测试地址https://packages.cloud.google.com/yum/repos/kubernetes-el7-x86_64是否可用,如果不可用需要科学上网。

1curl https://packages.cloud.google.com/yum/repos/kubernetes-el7-x86_64
1yum makecache fast
2yum install -y kubelet kubeadm kubectl
3
4... 
5Installed:
6  kubeadm.x86_64 0:1.13.0-0                                    kubectl.x86_64 0:1.13.0-0                                                           kubelet.x86_64 0:1.13.0-0
7
8Dependency Installed:
9  cri-tools.x86_64 0:1.12.0-0                                  kubernetes-cni.x86_64 0:0.6.0-0                                                       socat.x86_64 0:1.7.3.2-2.el7
  • 从安装结果可以看出还安装了cri-tools, kubernetes-cni, socat三个依赖: * 官方从Kubernetes 1.9开始就将cni依赖升级到了0.6.0版本,在当前1.12中仍然是这个版本 * socat是kubelet的依赖 * cri-tools是CRI(Container Runtime Interface)容器运行时接口的命令行工具

运行kubelet --help可以看到原来kubelet的绝大多数命令行flag参数都被DEPRECATED了,如:

1......
2--address 0.0.0.0   The IP address for the Kubelet to serve on (set to 0.0.0.0 for all IPv4 interfaces and `::` for all IPv6 interfaces) (default 0.0.0.0) (DEPRECATED: This parameter should be set via the config file specified by the Kubelet's --config flag. See https://kubernetes.io/docs/tasks/administer-cluster/kubelet-config-file/ for more information.)
3......

而官方推荐我们使用--config指定配置文件,并在配置文件中指定原来这些flag所配置的内容。具体内容可以查看这里Set Kubelet parameters via a config file。这也是Kubernetes为了支持动态Kubelet配置(Dynamic Kubelet Configuration)才这么做的,参考Reconfigure a Node’s Kubelet in a Live Cluster

kubelet的配置文件必须是json或yaml格式,具体可查看这里

Kubernetes 1.8开始要求关闭系统的Swap,如果不关闭,默认配置下kubelet将无法启动。

关闭系统的Swap方法如下:

1swapoff -a

修改 /etc/fstab 文件,注释掉 SWAP 的自动挂载,使用free -m确认swap已经关闭。 swappiness参数调整,修改/etc/sysctl.d/k8s.conf添加下面一行:

1vm.swappiness=0

执行sysctl -p /etc/sysctl.d/k8s.conf使修改生效。

因为这里本次用于测试两台主机上还运行其他服务,关闭swap可能会对其他服务产生影响,所以这里修改kubelet的配置去掉这个限制。 之前的Kubernetes版本我们都是通过kubelet的启动参数--fail-swap-on=false去掉这个限制的。前面已经分析了Kubernetes不再推荐使用启动参数,而推荐使用配置文件。 所以这里我们改成配置文件配置的形式。
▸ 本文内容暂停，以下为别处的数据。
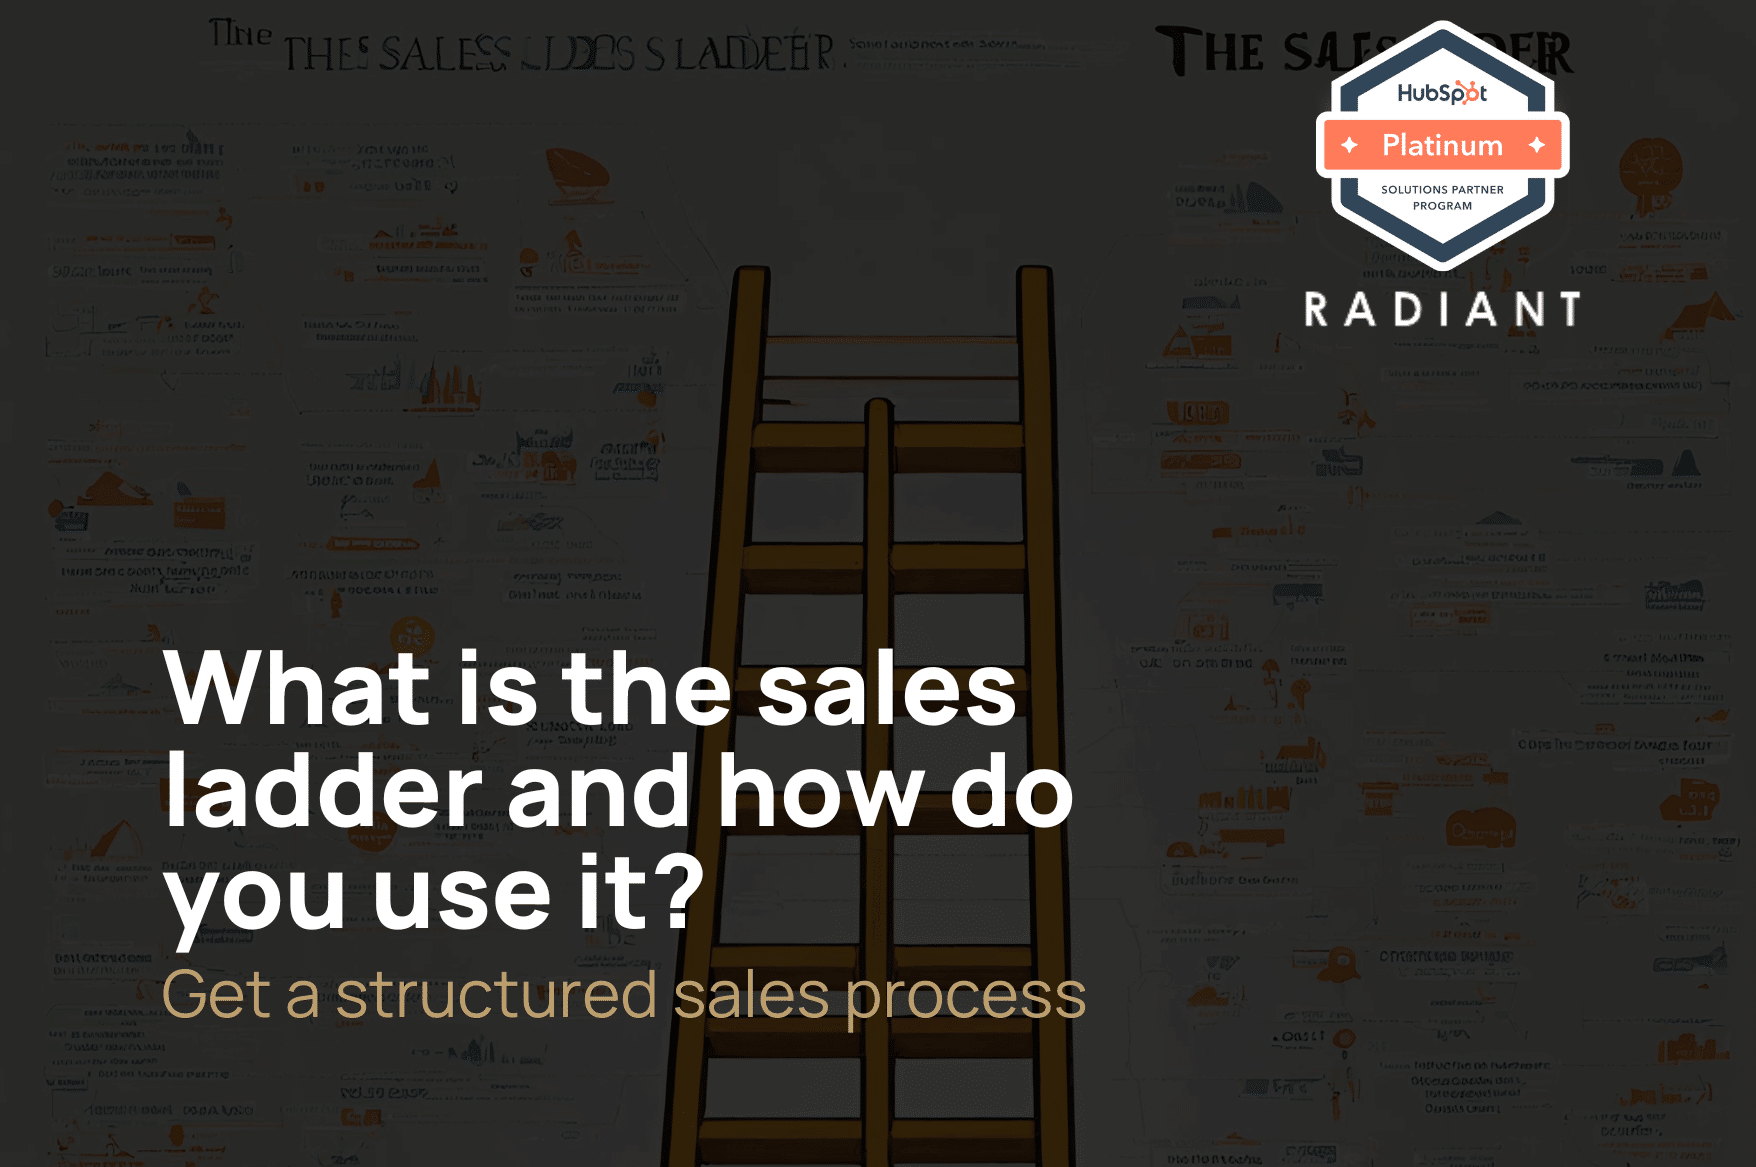 What is the sales ladder and how do you use it?

查看/etc/systemd/system/kubelet.service.d/10-kubeadm.conf,看到了下面的内容:

 1# Note: This dropin only works with kubeadm and kubelet v1.11+
 2[Service]
 3Environment="KUBELET_KUBECONFIG_ARGS=--bootstrap-kubeconfig=/etc/kubernetes/bootstrap-kubelet.conf --kubeconfig=/etc/kubernetes/kubelet.conf"
 4Environment="KUBELET_CONFIG_ARGS=--config=/var/lib/kubelet/config.yaml"
 5# This is a file that "kubeadm init" and "kubeadm join" generates at runtime, populating the KUBELET_KUBEADM_ARGS variable dynamically
 6EnvironmentFile=-/var/lib/kubelet/kubeadm-flags.env
 7# This is a file that the user can use for overrides of the kubelet args as a last resort. Preferably, the user should use
 8# the .NodeRegistration.KubeletExtraArgs object in the configuration files instead. KUBELET_EXTRA_ARGS should be sourced from this file.
 9EnvironmentFile=-/etc/sysconfig/kubelet
10ExecStart=
11ExecStart=/usr/bin/kubelet $KUBELET_KUBECONFIG_ARGS $KUBELET_CONFIG_ARGS $KUBELET_KUBEADM_ARGS $KUBELET_EXTRA_ARGS

上面显示kubeadm部署的kubelet的配置文件--config=/var/lib/kubelet/config.yaml,实际去查看/var/lib/kubelet和这个config.yaml的配置文件都没有被创建。 可以猜想肯定是运行kubeadm初始化集群时会自动生成这个配置文件,而如果我们不关闭Swap的话,第一次初始化集群肯定会失败的。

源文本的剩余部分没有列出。